Dalam perspektif ekonomi konvensional, kebutuhan dilihat secara materialistik dan hierarkis seperti yang tergambar dalam teori Piramida Maslow. Yang berujung pada aktualisasi diri dan bersifat sekuler sebagai bentuk kebutuhan aspirasional pribadi tertinggi dalam hierarki.
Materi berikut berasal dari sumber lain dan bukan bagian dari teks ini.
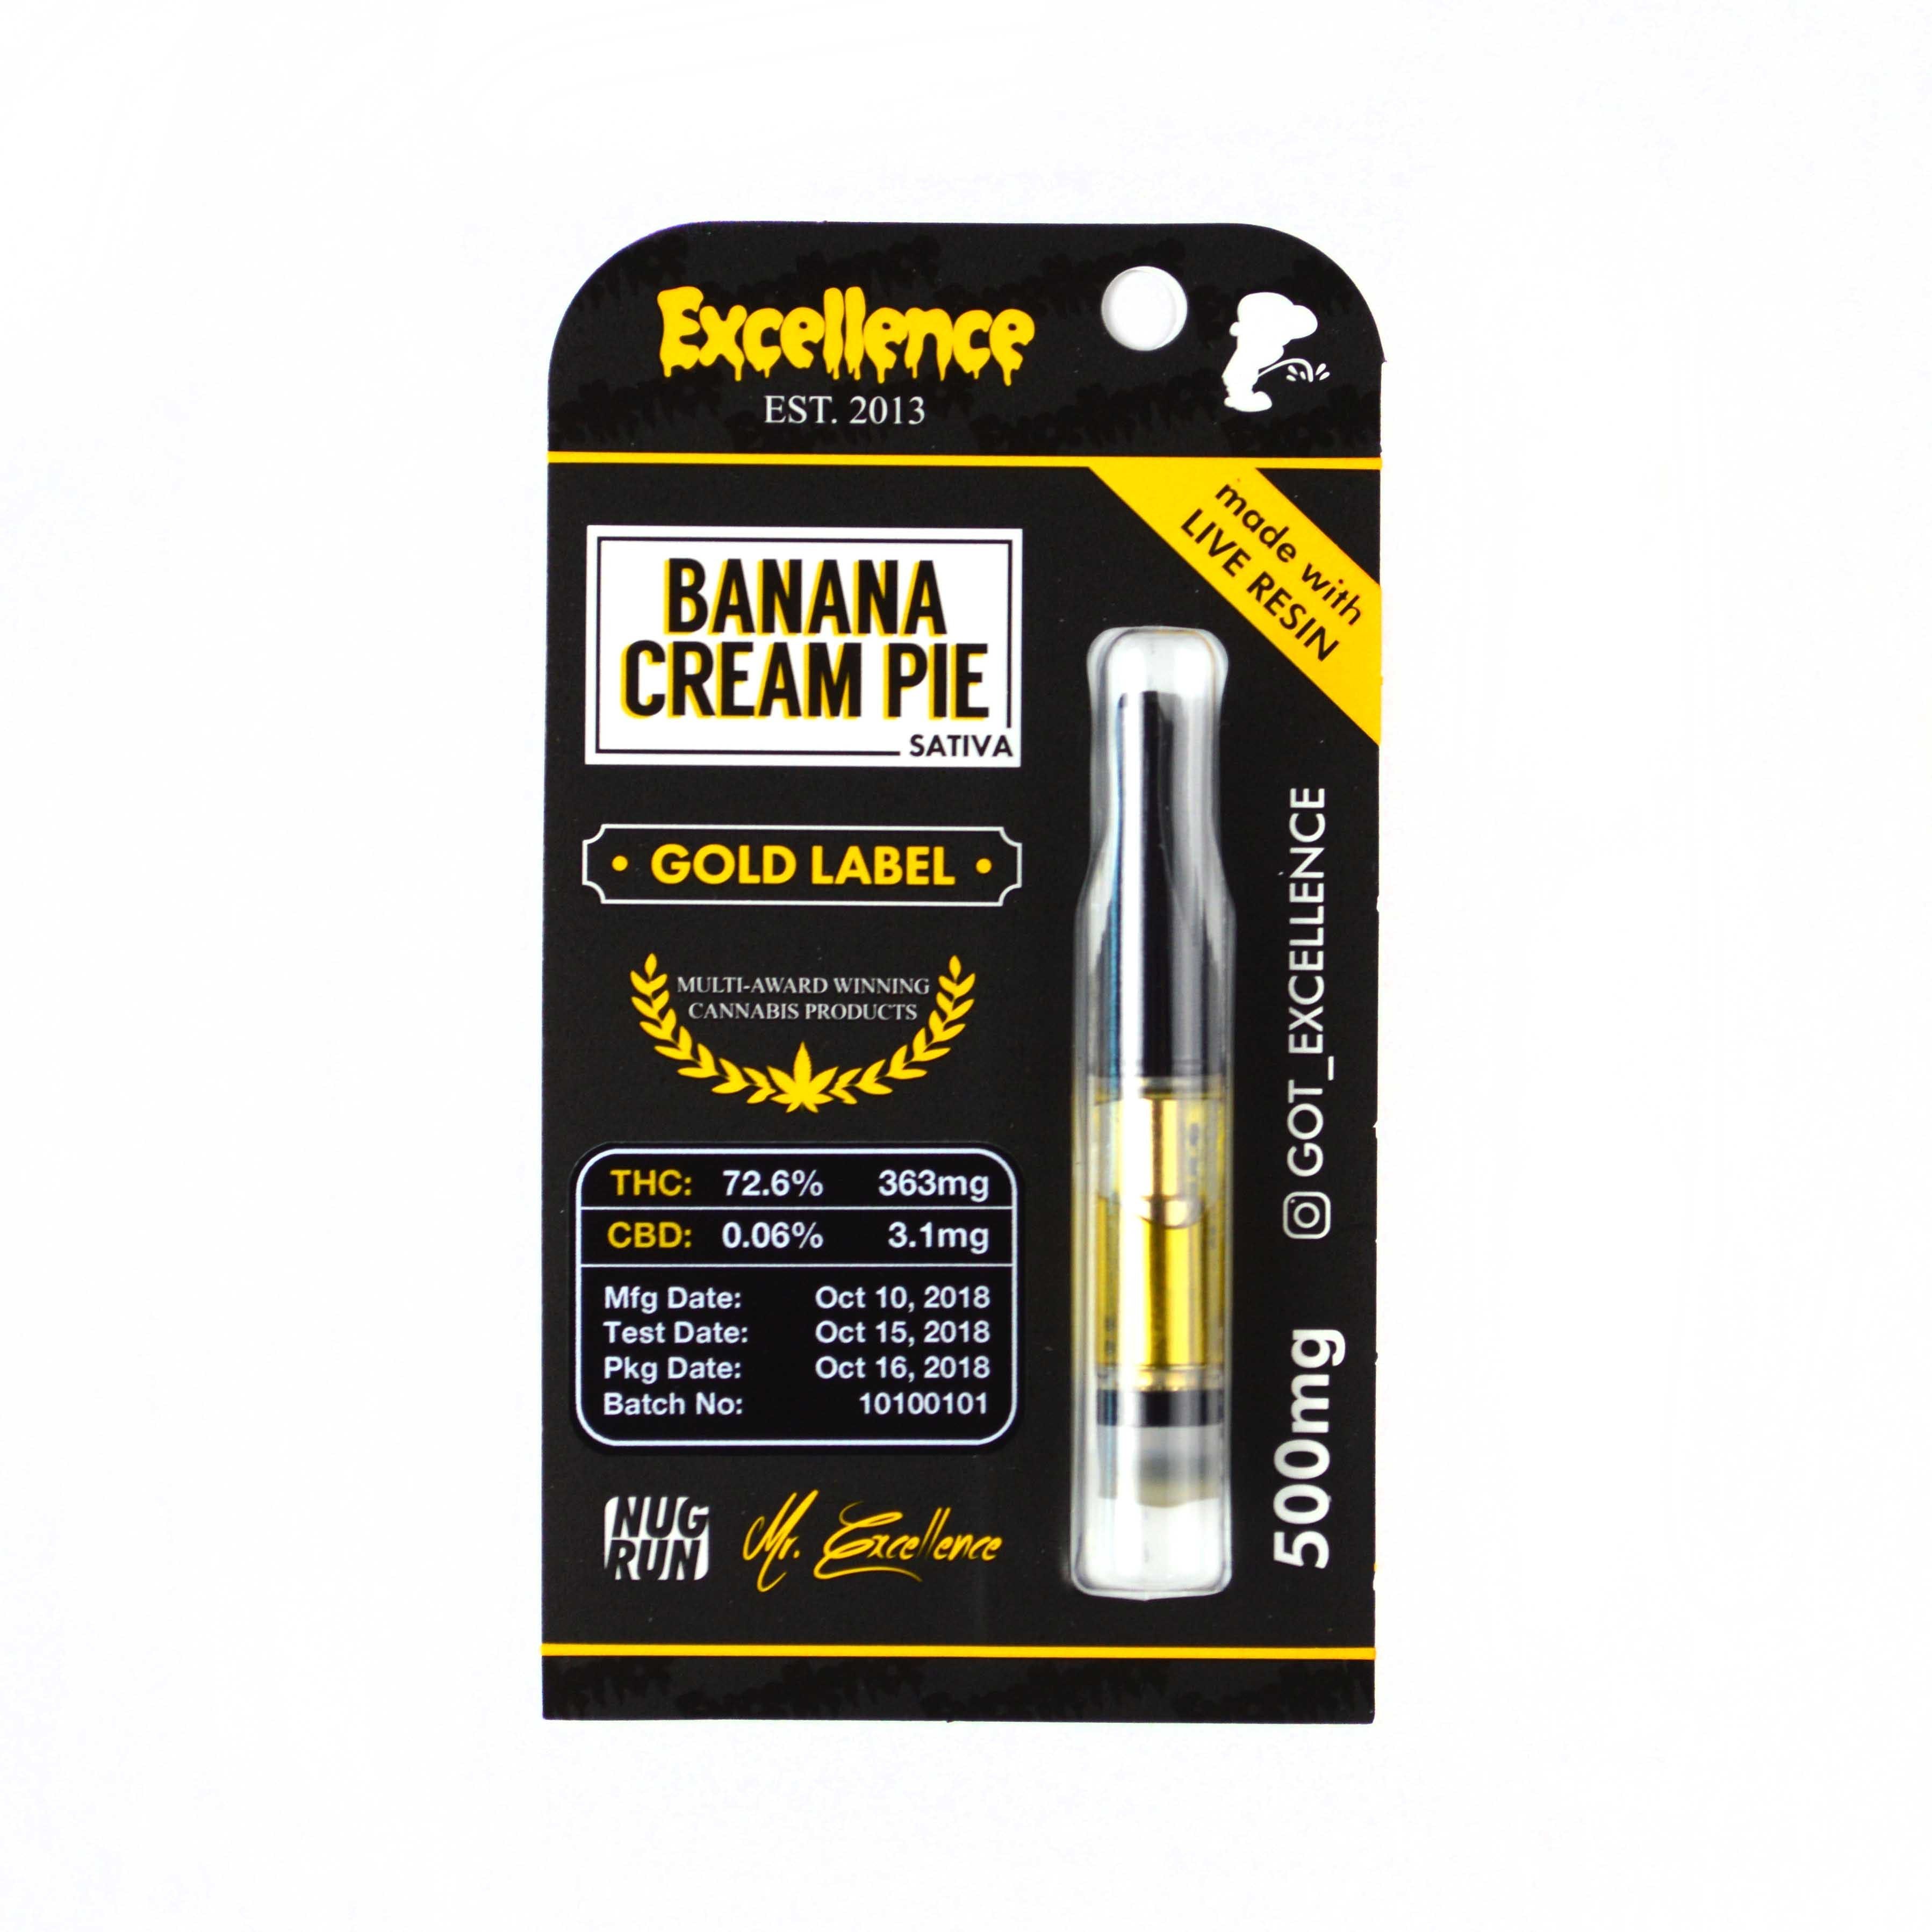 concentrate-excellence-banana-cream-pie-gold-label-cartridge

Meskipun Abraham Harold Maslow sendiri tidak pernah menciptakan piramida untuk merepresentasikan hierarki kebutuhan tersebut (Bridgman et al., 2019). Namun demikian, empat lapisan piramida yang paling fundamental (kebutuhan fisiologis, kebutuhan keamanan, kebutuhan sosial, kebutuhan penghargaan) mengandung apa yang disebut Maslow sebagai kebutuhan defisiensi.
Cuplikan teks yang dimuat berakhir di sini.